Back in 2006, Microsoft released their first MP3 player: the Zune. It was supposed to be the iPod killer with its large screen which lets you play movies. It had a built in radio, which let you tune into your favorite FM radio stations. It also had one unique feature which let you send other Zune users songs, so basically you could share music with each other. It was a great idea, but Zune was never as popular as the iPod. With 30 gigabytes of storage, the Zune was a really good mp3 player; there was only one problem with it: it was bulky—like a brick.
In 2008 during my senior year of high school, I got a Zune through a Microsoft promotion where you had to earn points by playing mind-numbing flash games for hours before you could spend them to collect your prize—Club.bing.com, I think it was. I told my friends about it, and they were skeptical, saying that it wasn’t legitimate. I went with it anyway, and surely enough it came.
Whenever I take out my Zune, at least one person will look at it—either out of disgust or surprise. I think it’s because mp3 players have evolved so much that the current standards require it to be thin, have a touch screen on it or a phone—not a brick with a clicking wheel on it. The new iPods look really nice; I used to try to stay up to date on mp3 players, but eventually, I decided that it wasn’t worth it. I feel that companies just make minor improvements to the models, making it a little bit thinner or nicer without any real improvements. Sure, the new iPods can browse the internet and watch youtube videos online, but in the end, the devices’ purpose is to play music. My Zune does exactly what it was created to do: play music and movies.
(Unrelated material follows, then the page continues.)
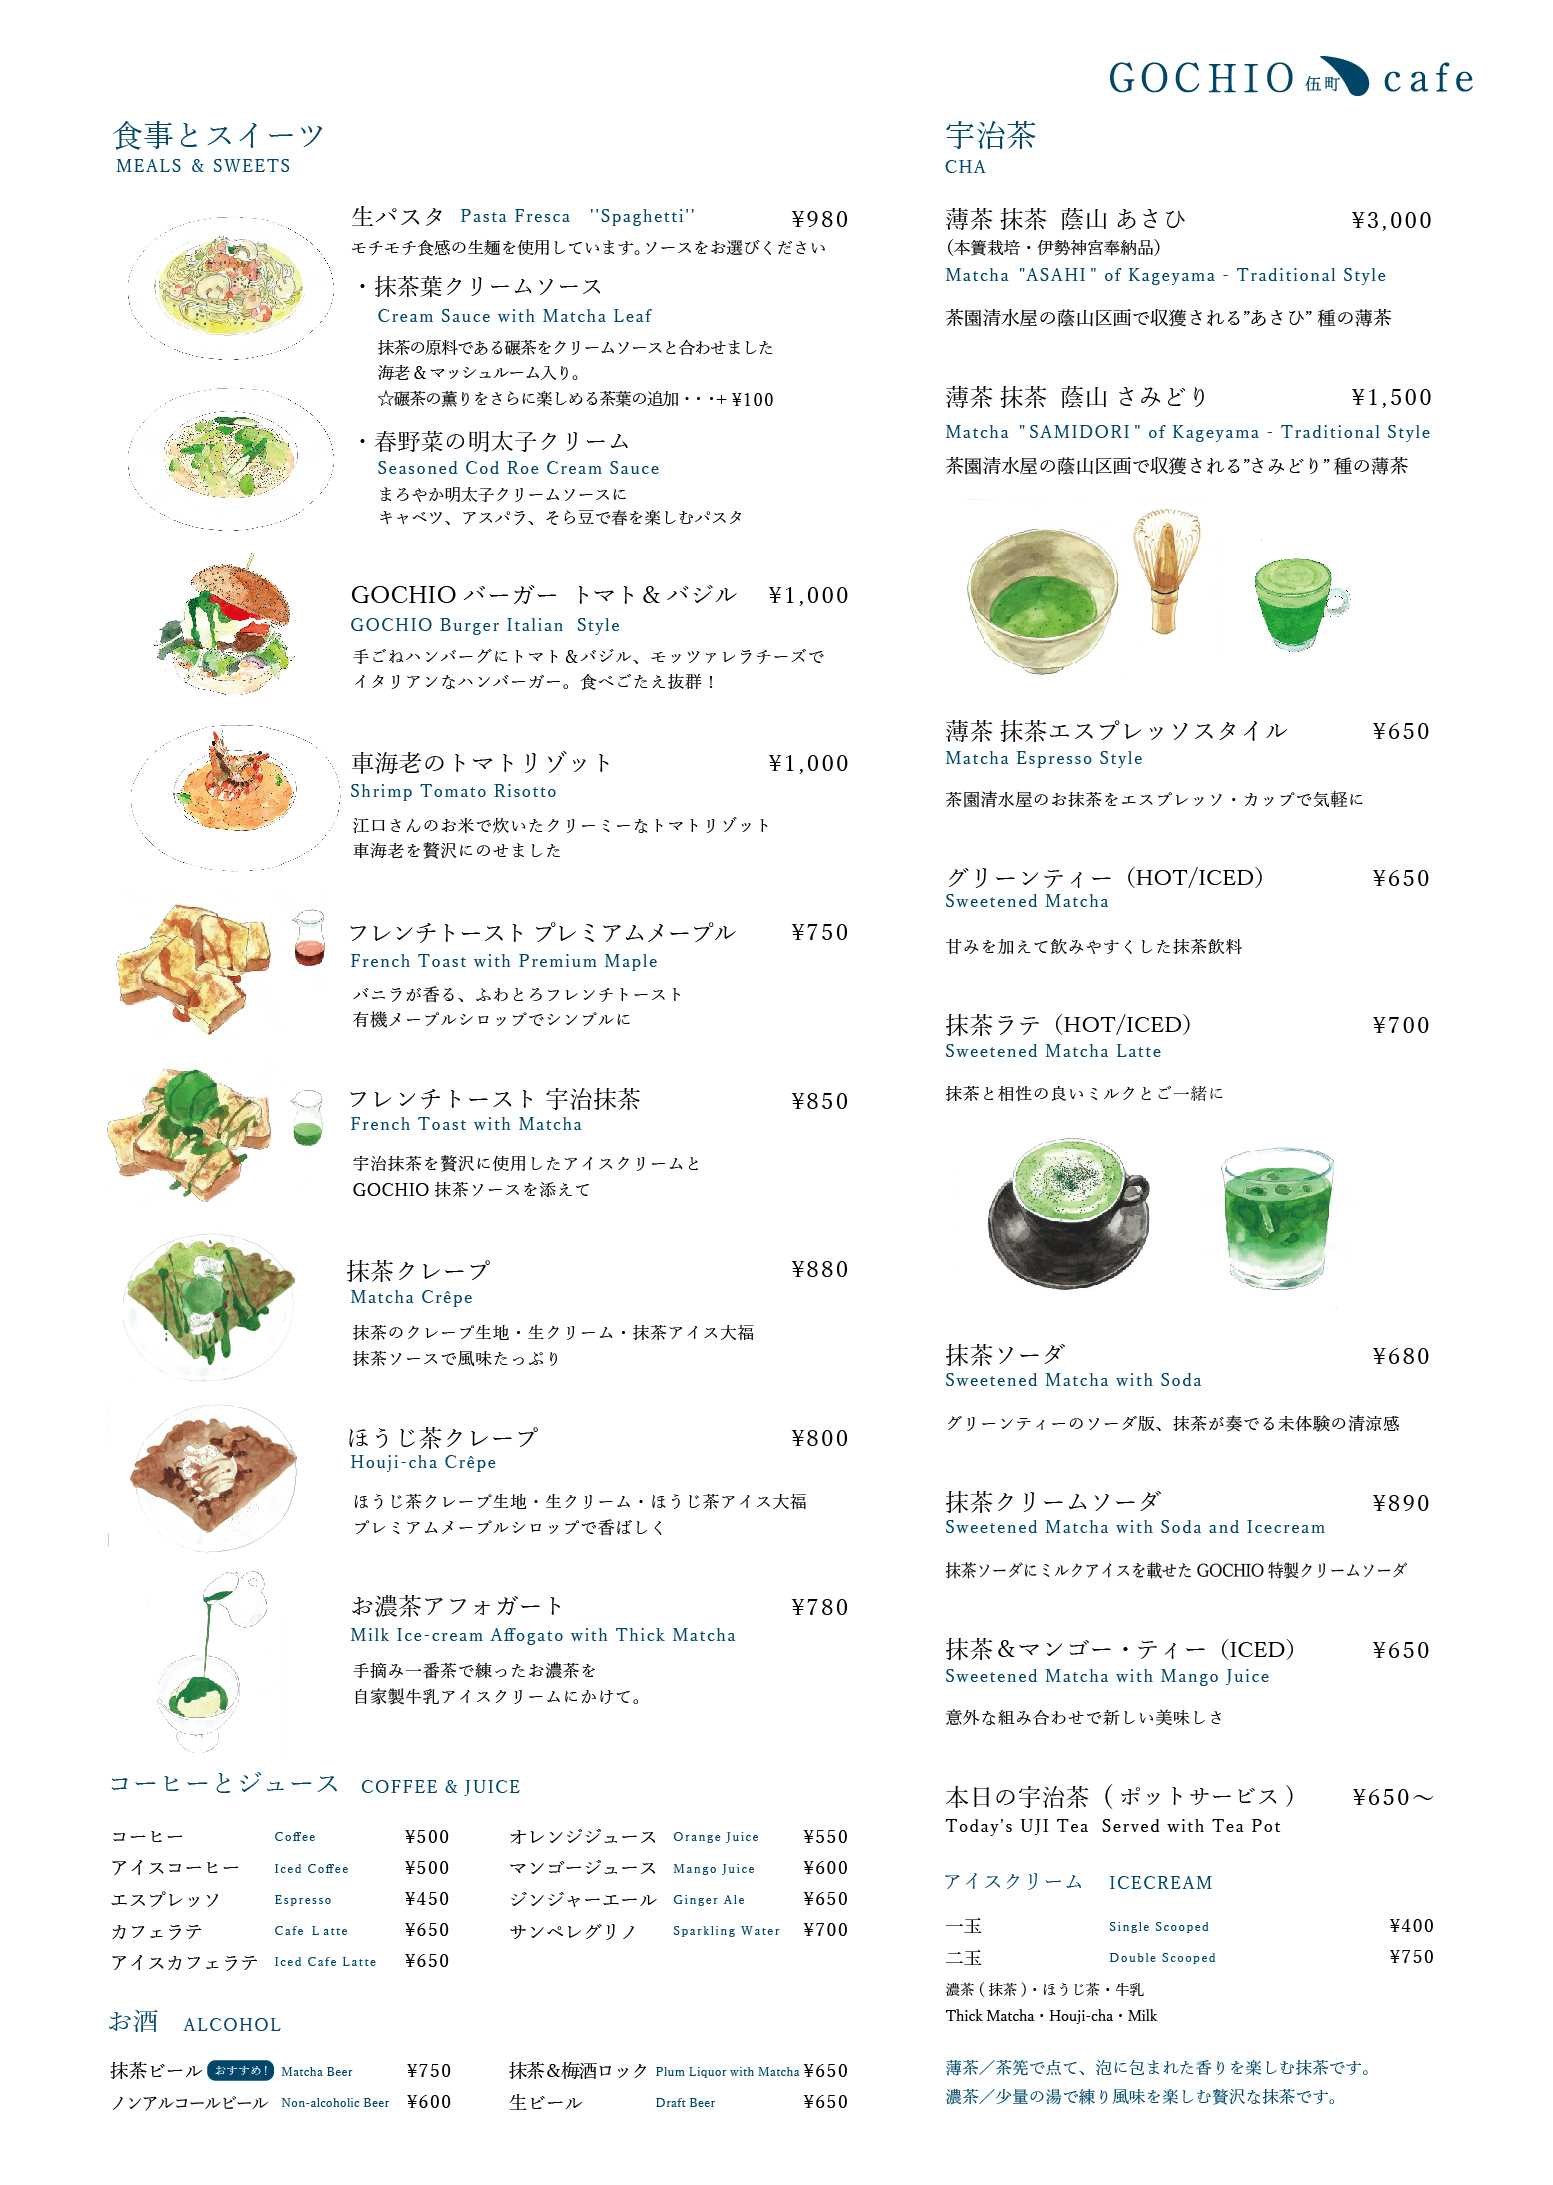 GOCHIO_2017_3GM_web-01

Today when you look at any kinds of commercials, they try to sell their products to you by addressing one thing they know will hook you: individuality. They focus on this point, because a majority of us were raised being told we’re special—and how else can we stand out from the crowd if not buying things we don’t need? How many people do you see on the bus with an iPhone out, or a really fancy iPad (I don’t have anything against Apple products, really—I have two iPods)? How many people do you see really big-shiny pick-up trucks that are completely mud free? How many people do you see wearing a certain kind of shoes, because it’s the new “in?” Because of this craving to be unique, ironically, everyone ends up being the same.
There was a really good quote by comedian Louis C.K. and it goes along the lines of this, “Rich people don’t know what it’s like to be poor, but poor people know what it’s like to be rich—they know exactly what it’s like, because they fantasize about it constantly. Every poor person has their whole rich life planned out.”
He’s right; going to extravagant places, buying things we can’t really afford—a lot of people want to stand out, but they’re doing it the wrong way. Buying nice things to make up for a lack of personality doesn’t make anyone unique; the attention you get might be jealousy or even rage. I want a lot of stuff in my life—but now I always stop and ask myself: Do I really need this? And not surprisingly, the answer is usually no.
My Zune does its job of helping me get my music fix, but I’m at the point where I rarely use mp3 players anyway, since it shuts you off from the world. When I do, however, it stands out in its own weird way; maybe because it’s an obsolete product that everyone’s forgotten, or maybe it just looks like I’m holding a brick. Whatever the case, my Zune hasn’t failed me after all these years of wear and abuse, so I’m not going to abandon it for something new and shiny.